Fueled by research, new developments in cochlear implant placement and programming are helping to improve the devices' effectiveness for patients who turn to them to restore their hearing.
Optimizing Cochlear Implant Placement
An innovative approach developed by NYU Langone Health researchers may optimize the length and placement of cochlear implant (CI) electrodes, improving patient outcomes while minimizing the risk of inner ear damage, which occurs when the electrodes are inserted too deeply.
"Our findings suggest that it's possible to stimulate lower-frequency auditory nerve fibers without deeper insertion of electrode arrays," says David M. Landsberger, PhD, assistant professor of otolaryngology—head and neck surgery and director of the Electric Auditory Research Laboratory at NYU Langone.
Although the appropriate placement of CI electrodes remains controversial, implantation typically involves placement in the first turn of the cochlea, where frequencies are encoded above approximately 1,000 Hertz. Extensive data suggest that stimulating the top of the cochlea can significantly improve outcomes for CI users, explains Dr. Landsberger.
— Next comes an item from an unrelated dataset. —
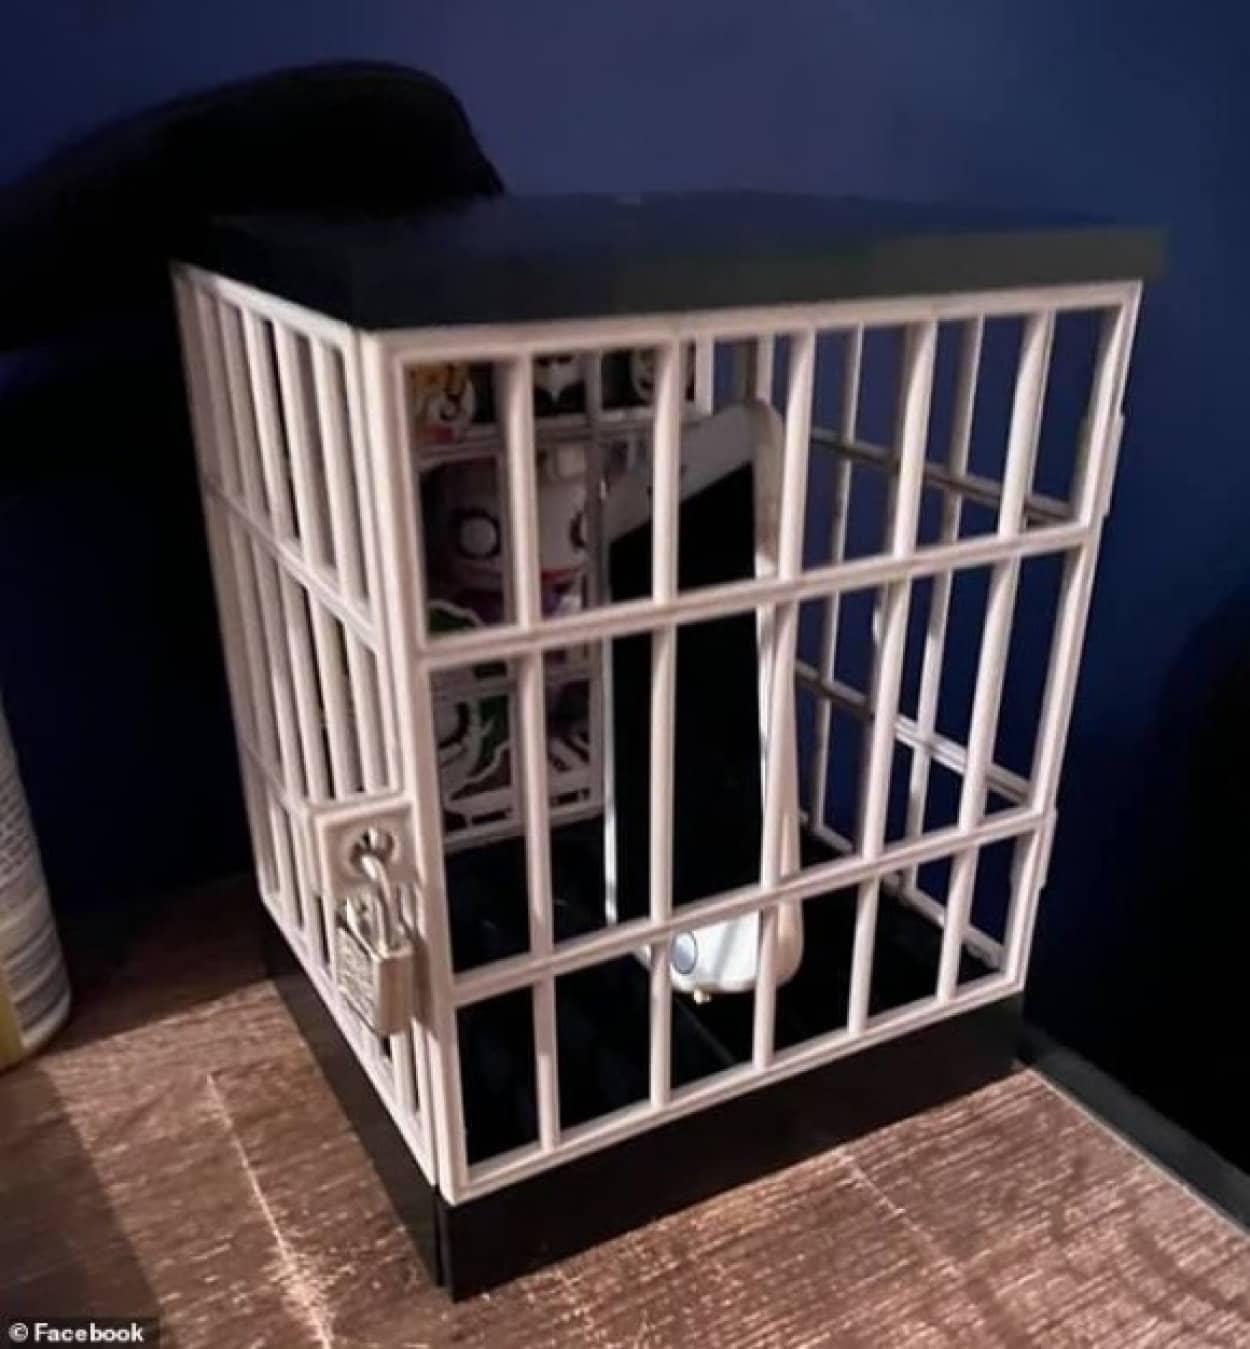 スマホやコントローラーはこの牢屋にロック

A cadaver experiment led by Dr. Landsberger in collaboration with J. Thomas Roland Jr., MD, the Mendik Foundation Professor of Otolaryngology, chair of the Department of Otolaryngology—Head and Neck Surgery, and co-director of the Cochlear Implant Center, confirmed the research team's hypothesis: a return electrode inserted at the apex of the cochlea led to more even distribution of electrical current across high- and low-frequency areas.
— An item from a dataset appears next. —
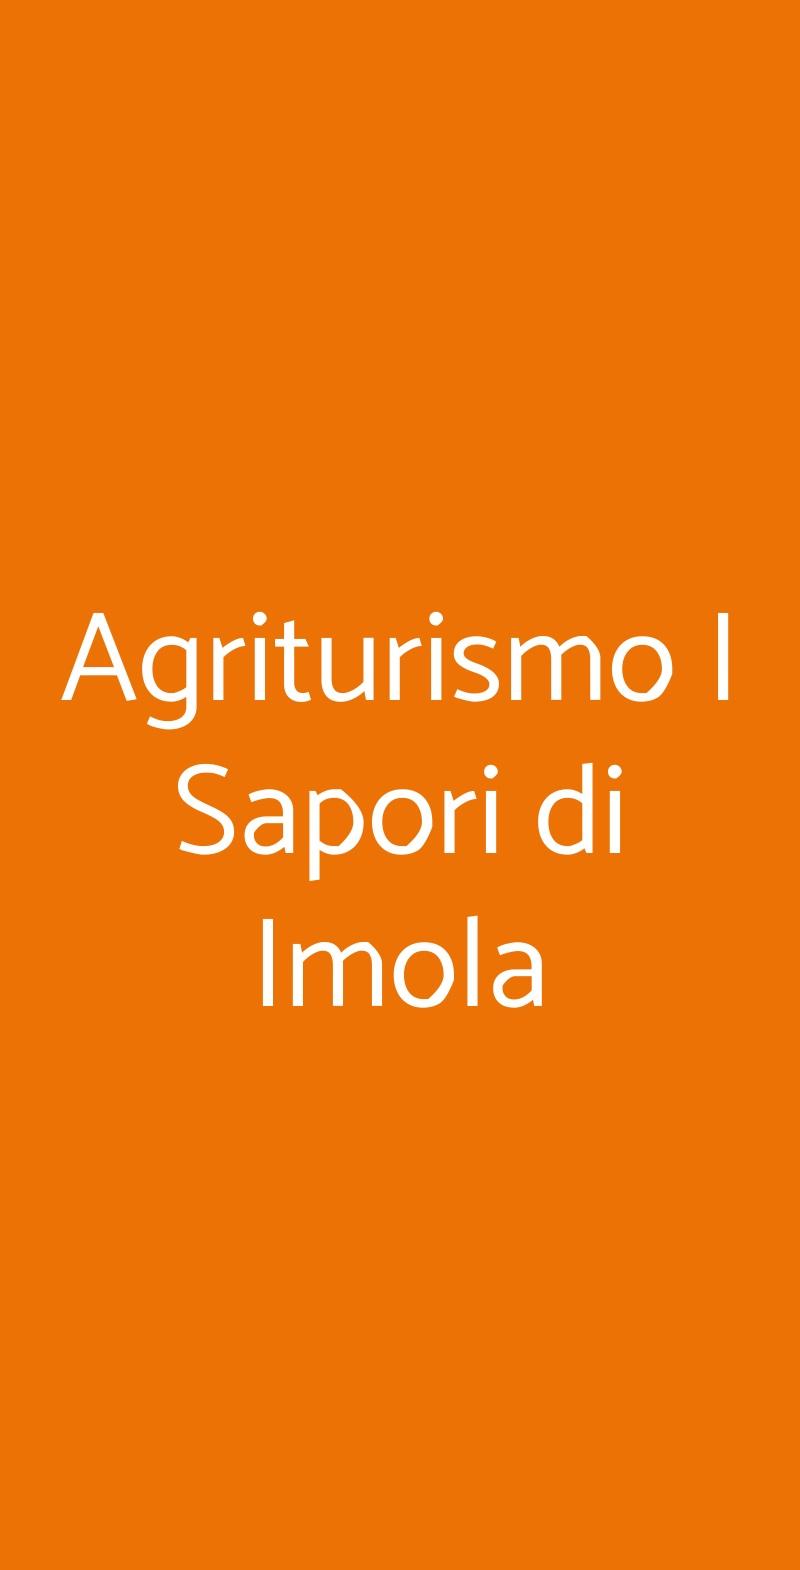 Agriturismo I Sapori di Imola Imola menù 1 pagina

"We were able to stimulate parts of the cochlea that are designed to encode for low frequencies, which in most implant systems are ignored," says Dr. Roland. Dr. Landsberger's team is now designing live human trials for the procedure.
Early Cochlear Implantation May Reduce Effects of Childhood Learning Disabilities
Early implantation of cochlear implants can help narrow the developmental gap between children born deaf and their normal-hearing peers, suggests new research led by Susan B. Waltzman, PhD, the Marica F. Vilcek Professor of Otolaryngology and co-director of the Cochlear Implant Center.
Although about half of children born deaf are eventually diagnosed with cognitive or learning disabilities that could impact CI performance, recent studies have shown that early implantation can help children adapt and acquire hearing on par with that of their peers. To measure the incidence of these conditions and their impact on patients' progress, Dr. Waltzman and her team followed almost 100 children who received implants when they were under 1 year of age, between 2000 and 2013.
Investigators found that about 10 percent of the children were later diagnosed with cognitive or learning issues, including attention deficit hyperactivity disorder (ADHD), Asperger's syndrome, and problems with executive functioning. Yet these children, who were diagnosed with additional issues at a mean age of seven, performed as well with their cochlear implants as those without disabilities.
"Our findings suggest that early implantation provides substantial developmental benefits, even in children who are diagnosed with other issues later on," says Dr. Waltzman. "It enables them to reach their potential by reducing the amount of 'catching up' they have to do later."
Despite the benefits of early implantation, Dr. Waltzman emphasizes the importance of setting realistic expectations for parents, since each child's performance can be affected by a host of developmental factors.
"Preoperative counseling for families is critical since we don't know what confounding issues might emerge as children get older," says Dr. Waltzman. "Ultimately, we have to wait and see."
Updated Algorithm and New App Offer Real-Time Noise Reduction
An updated algorithm created by researchers at NYU Langone and the NYU Tandon School of Engineering now offers noise-reduction benefits to CI users via smartphones.
The technology, dubbed Speech Enhancement using Decomposition Approach (SEDA) and first designed for desktop computers, addresses CI users' challenges with filtering out ambient noise in loud environments. SEDA2 builds on the original algorithm by enabling a smartphone's microphone to act as a preprocessor, filtering out background noise in real time before sound is sent to the CI processor. "SEDA2 can analyze very short audio frames, using a wavelet transform, in just milliseconds, creating a near-seamless experience for the CI user," explains Dr. Landsberger.
Once installed on a smartphone, the SEDA2 application analyzes and categorizes sound frames as dominated by noise or speech, then filters out background noise using an "adaptive group thresholding method" in a wavelet domain. In initial testing in CI users, the algorithm enabled significant improvements in speech quality and understanding.
The algorithm was developed by a team that included Dr. Landsberger, Ivan Selesnick, PhD, professor of electrical and computer engineering, and electrical engineering doctoral student Roozbeh Soleymani. Their research has been accepted for publication in the journal Speech Communication.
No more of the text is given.